Starting at the line that contains "DIY Pallet Bathroom Vanity", print each line exactly through the end of the listing. Skip any pictures and add nothing.

--- INFORMATION PROVIDED ---

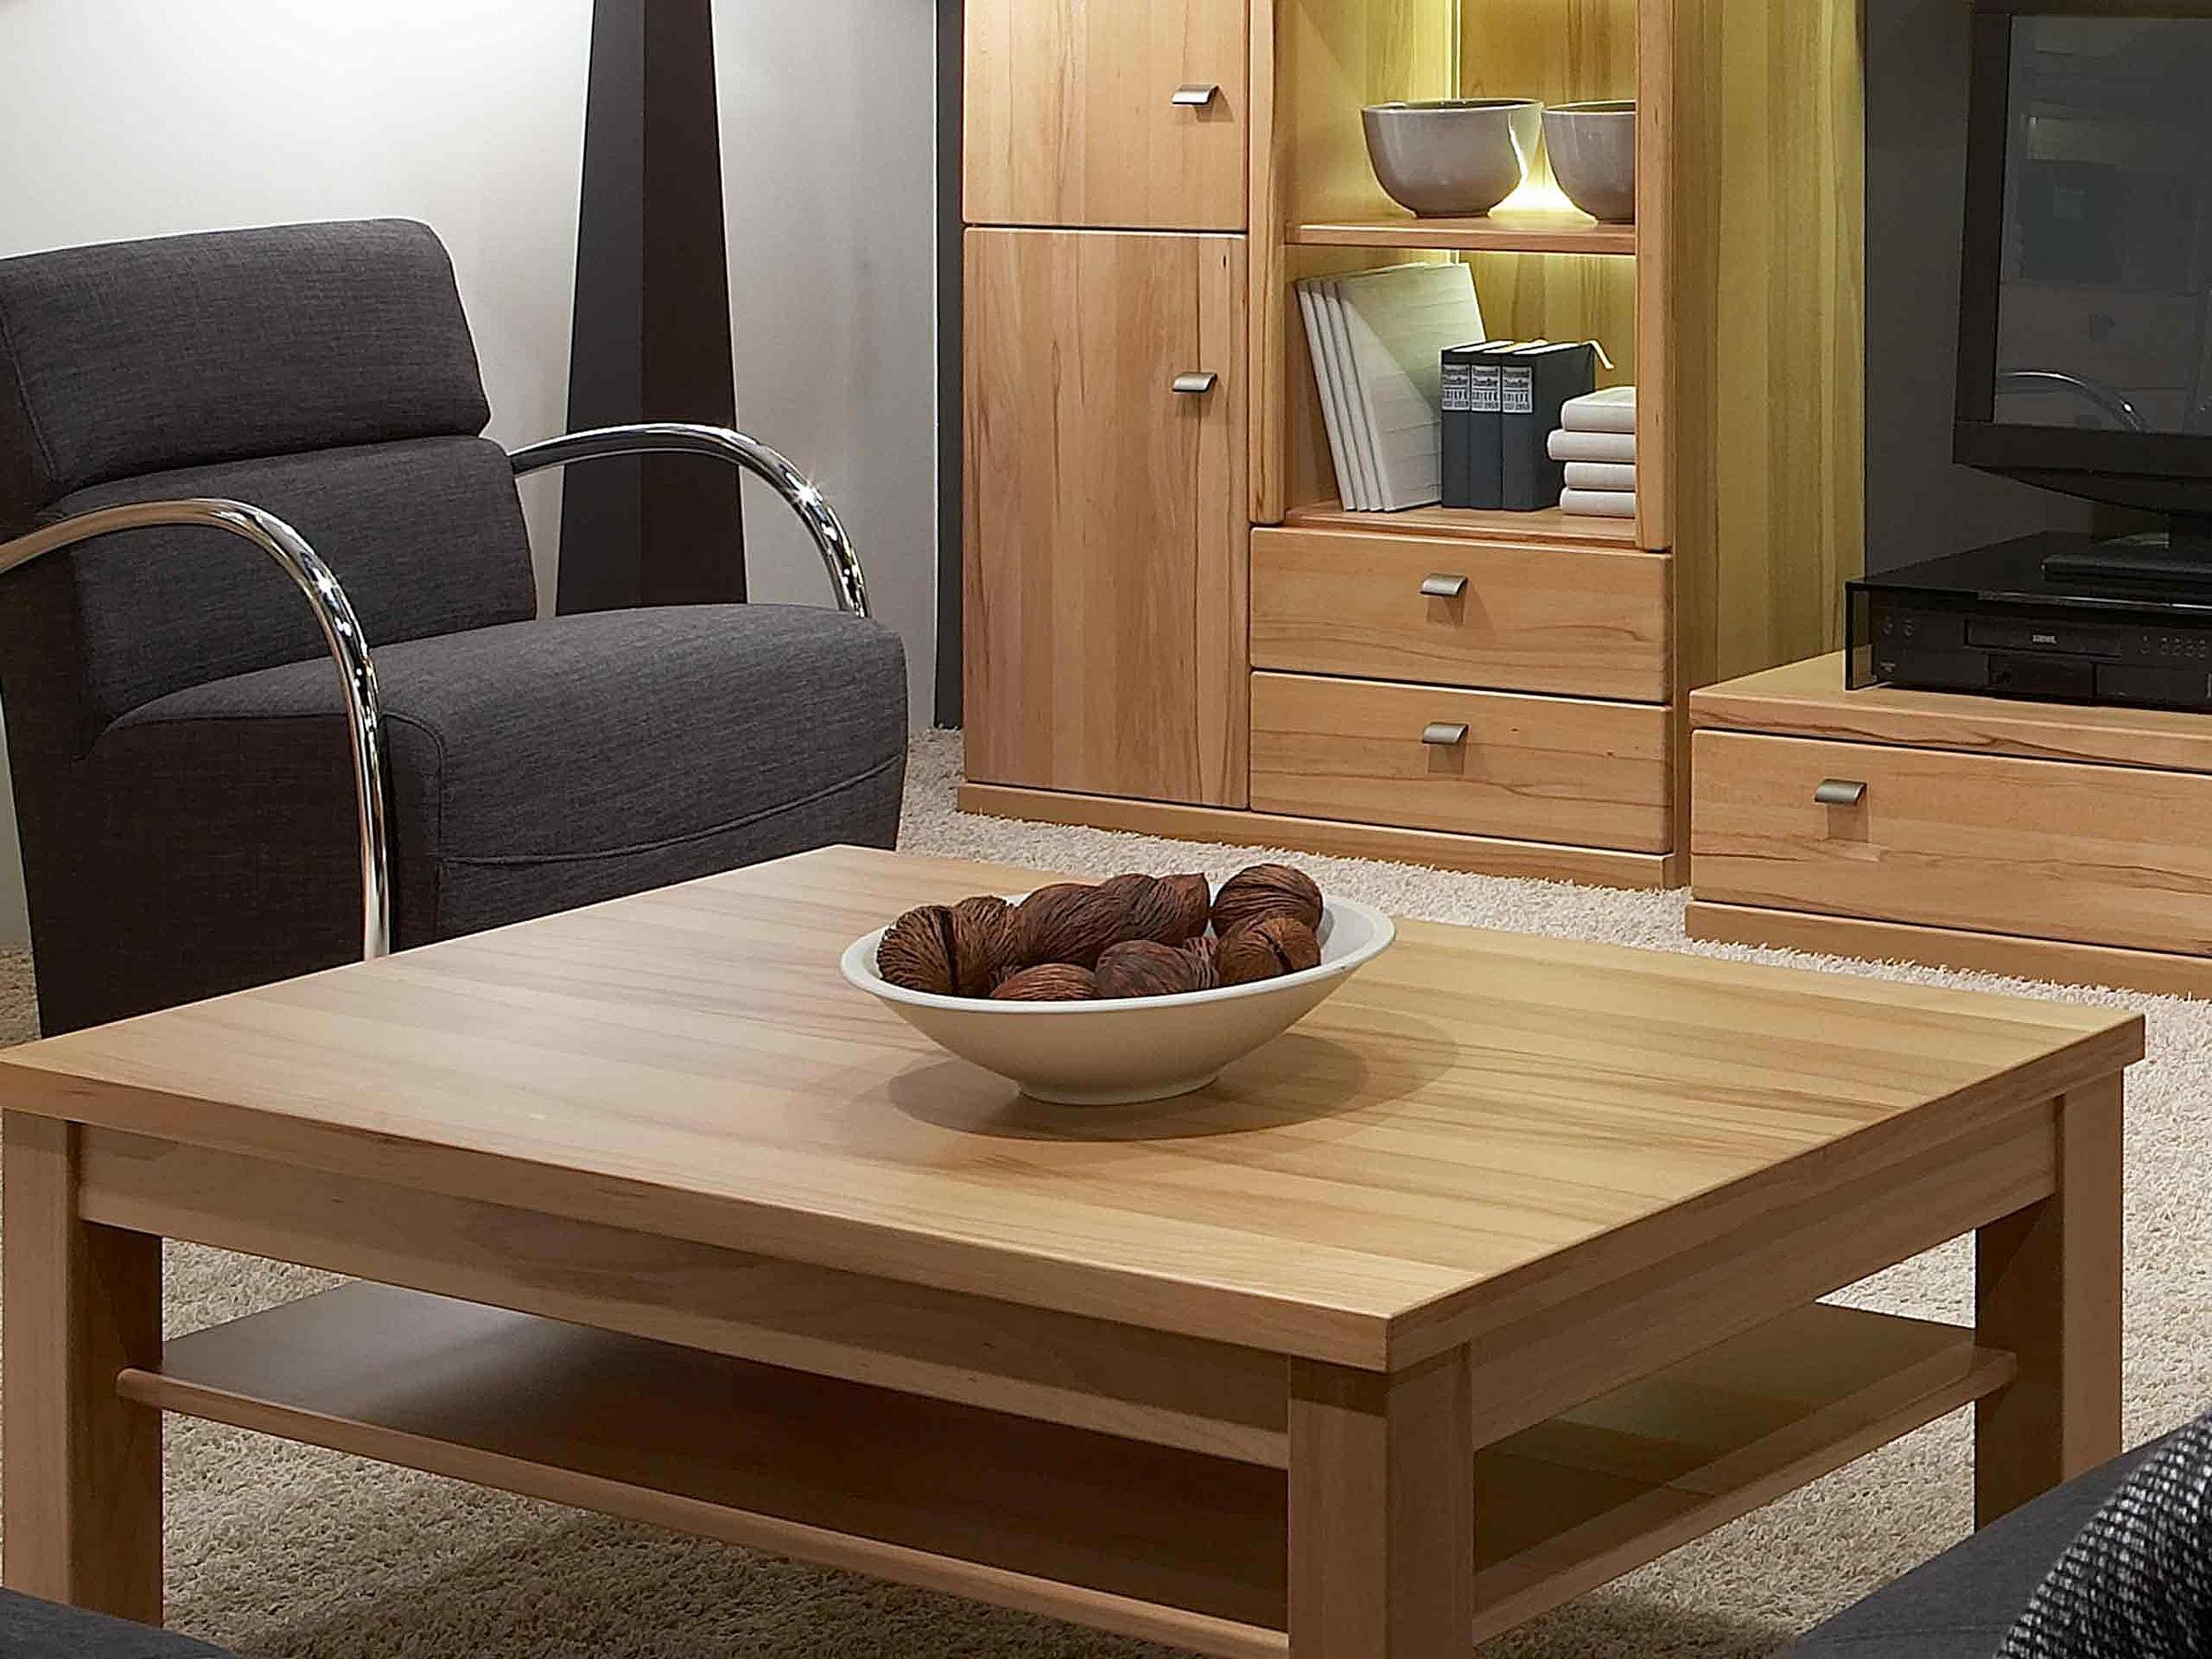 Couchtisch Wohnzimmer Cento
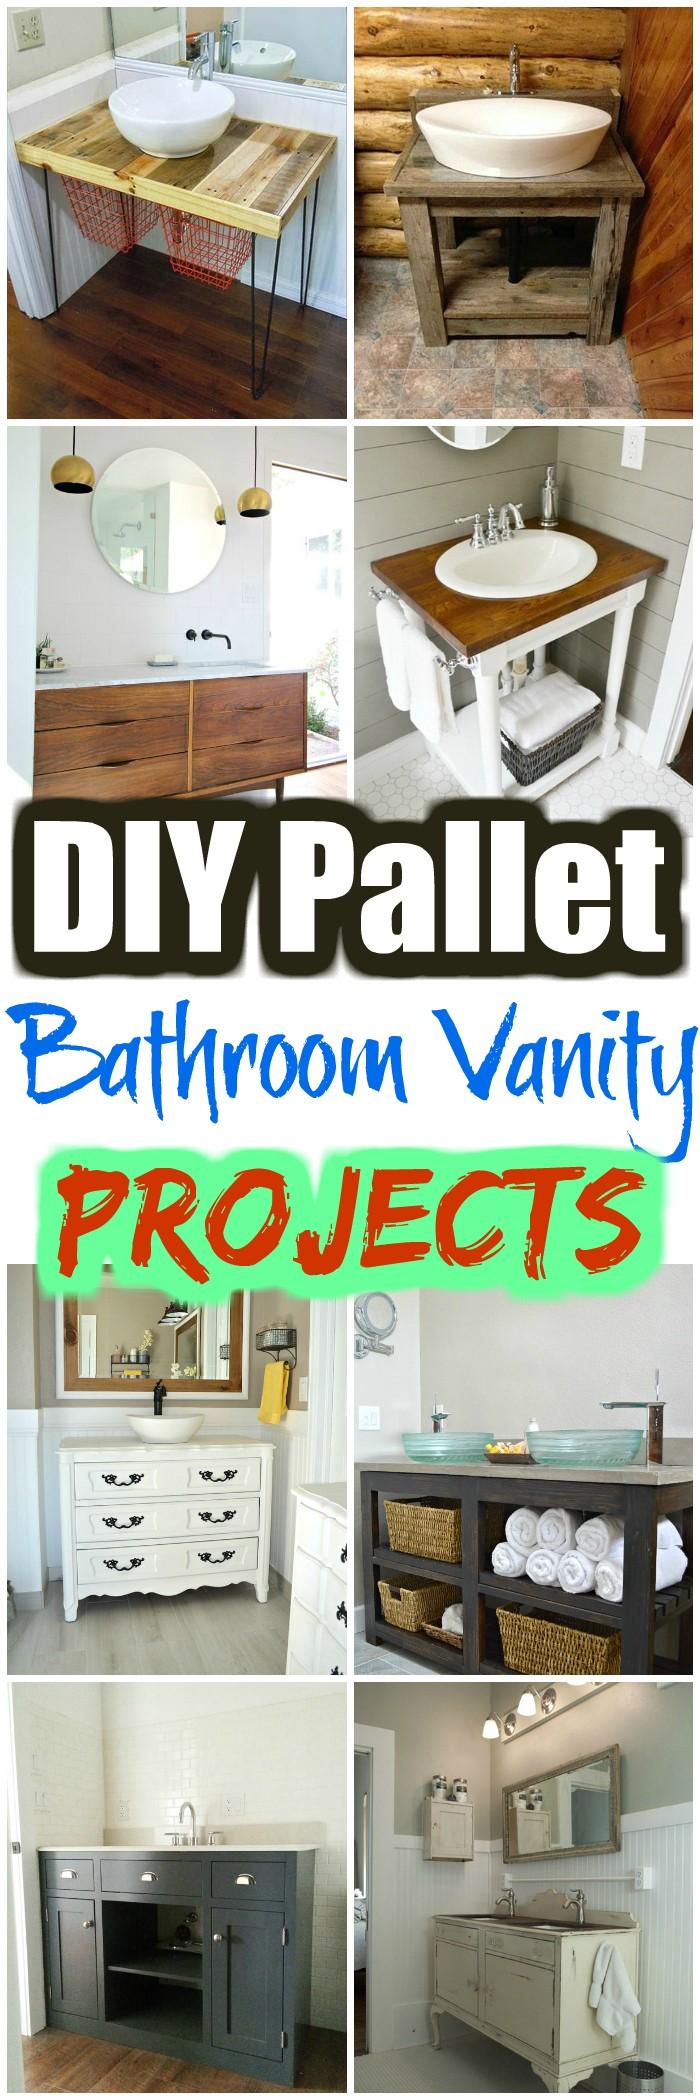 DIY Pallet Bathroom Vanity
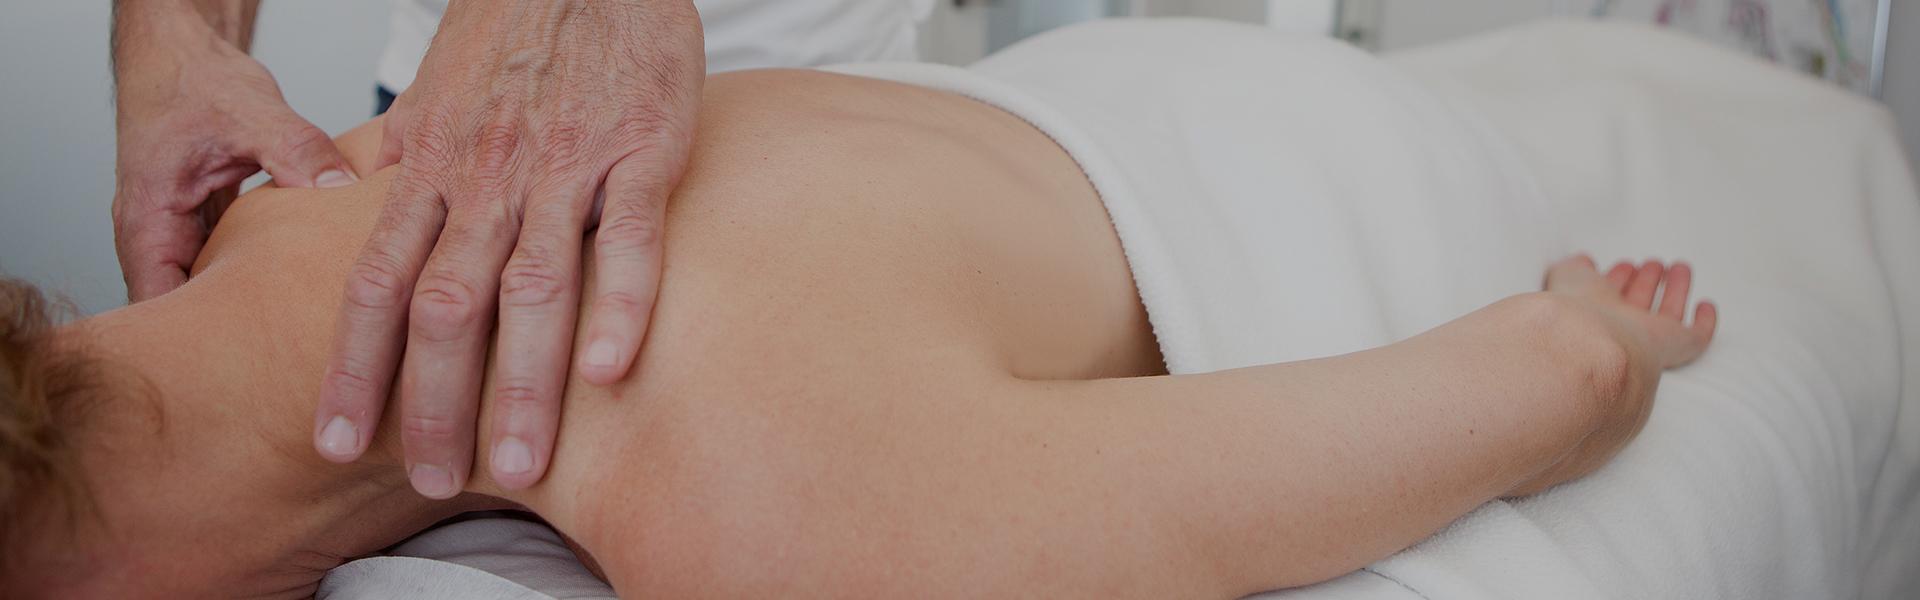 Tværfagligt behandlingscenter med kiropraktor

---

RESULT OF THIS TASK>
 DIY Pallet Bathroom Vanity
 Tværfagligt behandlingscenter med kiropraktor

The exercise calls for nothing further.